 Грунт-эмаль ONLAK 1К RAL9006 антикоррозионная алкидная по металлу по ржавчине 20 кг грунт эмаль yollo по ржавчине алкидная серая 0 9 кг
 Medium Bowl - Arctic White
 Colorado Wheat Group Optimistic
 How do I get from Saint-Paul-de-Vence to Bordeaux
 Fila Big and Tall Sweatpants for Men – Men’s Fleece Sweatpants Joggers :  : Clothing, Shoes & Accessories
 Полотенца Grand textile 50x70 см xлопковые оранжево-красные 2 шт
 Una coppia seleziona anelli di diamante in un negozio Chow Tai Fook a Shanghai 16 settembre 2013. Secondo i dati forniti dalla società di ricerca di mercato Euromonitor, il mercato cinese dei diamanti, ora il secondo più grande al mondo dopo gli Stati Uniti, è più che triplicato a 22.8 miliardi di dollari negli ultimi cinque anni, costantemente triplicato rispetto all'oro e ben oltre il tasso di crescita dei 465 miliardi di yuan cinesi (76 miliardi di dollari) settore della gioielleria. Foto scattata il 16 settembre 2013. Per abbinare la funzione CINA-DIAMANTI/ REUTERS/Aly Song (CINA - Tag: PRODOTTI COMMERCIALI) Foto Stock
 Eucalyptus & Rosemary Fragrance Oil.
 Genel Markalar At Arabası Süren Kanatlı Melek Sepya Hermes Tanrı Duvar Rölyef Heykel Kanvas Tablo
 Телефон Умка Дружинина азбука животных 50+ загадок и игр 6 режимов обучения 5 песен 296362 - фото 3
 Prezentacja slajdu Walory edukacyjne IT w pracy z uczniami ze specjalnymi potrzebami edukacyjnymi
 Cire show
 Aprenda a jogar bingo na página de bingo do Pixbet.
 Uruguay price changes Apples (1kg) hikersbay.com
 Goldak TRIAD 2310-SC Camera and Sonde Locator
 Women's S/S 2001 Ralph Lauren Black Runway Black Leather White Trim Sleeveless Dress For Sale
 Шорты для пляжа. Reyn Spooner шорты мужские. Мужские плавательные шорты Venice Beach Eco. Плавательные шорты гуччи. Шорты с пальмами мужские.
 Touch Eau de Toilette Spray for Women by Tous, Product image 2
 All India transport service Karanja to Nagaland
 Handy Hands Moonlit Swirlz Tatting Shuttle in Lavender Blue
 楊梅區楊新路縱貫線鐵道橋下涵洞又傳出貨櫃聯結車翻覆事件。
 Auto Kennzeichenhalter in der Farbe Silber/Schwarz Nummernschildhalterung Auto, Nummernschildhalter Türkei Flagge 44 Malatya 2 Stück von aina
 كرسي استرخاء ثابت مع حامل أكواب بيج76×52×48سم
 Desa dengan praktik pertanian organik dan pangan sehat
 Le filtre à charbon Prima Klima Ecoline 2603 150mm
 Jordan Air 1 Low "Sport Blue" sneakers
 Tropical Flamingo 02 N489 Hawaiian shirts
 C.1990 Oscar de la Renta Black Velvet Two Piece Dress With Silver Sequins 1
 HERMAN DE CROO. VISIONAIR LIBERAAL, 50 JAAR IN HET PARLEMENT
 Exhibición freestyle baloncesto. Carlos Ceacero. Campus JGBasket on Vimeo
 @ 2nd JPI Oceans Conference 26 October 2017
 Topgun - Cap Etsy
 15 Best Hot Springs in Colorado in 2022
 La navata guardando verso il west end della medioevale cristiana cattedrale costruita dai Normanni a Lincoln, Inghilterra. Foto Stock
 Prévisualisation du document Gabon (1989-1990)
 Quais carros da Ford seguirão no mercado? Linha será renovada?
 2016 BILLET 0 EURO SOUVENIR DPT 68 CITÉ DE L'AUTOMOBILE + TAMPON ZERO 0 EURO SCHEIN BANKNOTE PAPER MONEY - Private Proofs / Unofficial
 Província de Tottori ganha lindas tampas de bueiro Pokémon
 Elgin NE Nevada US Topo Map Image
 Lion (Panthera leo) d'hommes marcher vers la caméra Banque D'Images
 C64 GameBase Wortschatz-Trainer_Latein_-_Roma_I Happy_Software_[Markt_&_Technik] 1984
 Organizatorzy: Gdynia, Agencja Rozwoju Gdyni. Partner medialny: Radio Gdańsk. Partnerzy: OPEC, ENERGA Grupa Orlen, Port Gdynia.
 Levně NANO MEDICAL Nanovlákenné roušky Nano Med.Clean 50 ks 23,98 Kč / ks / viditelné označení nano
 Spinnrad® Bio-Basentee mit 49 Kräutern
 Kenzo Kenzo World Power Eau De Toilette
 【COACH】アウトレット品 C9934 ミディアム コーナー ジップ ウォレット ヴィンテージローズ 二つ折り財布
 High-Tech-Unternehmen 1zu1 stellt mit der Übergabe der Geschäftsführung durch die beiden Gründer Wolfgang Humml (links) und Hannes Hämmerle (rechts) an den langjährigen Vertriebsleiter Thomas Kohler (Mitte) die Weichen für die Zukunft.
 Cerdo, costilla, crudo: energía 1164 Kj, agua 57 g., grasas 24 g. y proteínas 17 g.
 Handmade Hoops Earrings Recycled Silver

◇ ◇ ◇ ◇ ◇ ◇ ◇

Work request - Go through the material above and output exactly the lines from the one containing "26 October 2017" through the one containing "La navata guardando".

Task result -
 @ 2nd JPI Oceans Conference 26 October 2017
 Topgun - Cap Etsy
 15 Best Hot Springs in Colorado in 2022
 La navata guardando verso il west end della medioevale cristiana cattedrale costruita dai Normanni a Lincoln, Inghilterra. Foto Stock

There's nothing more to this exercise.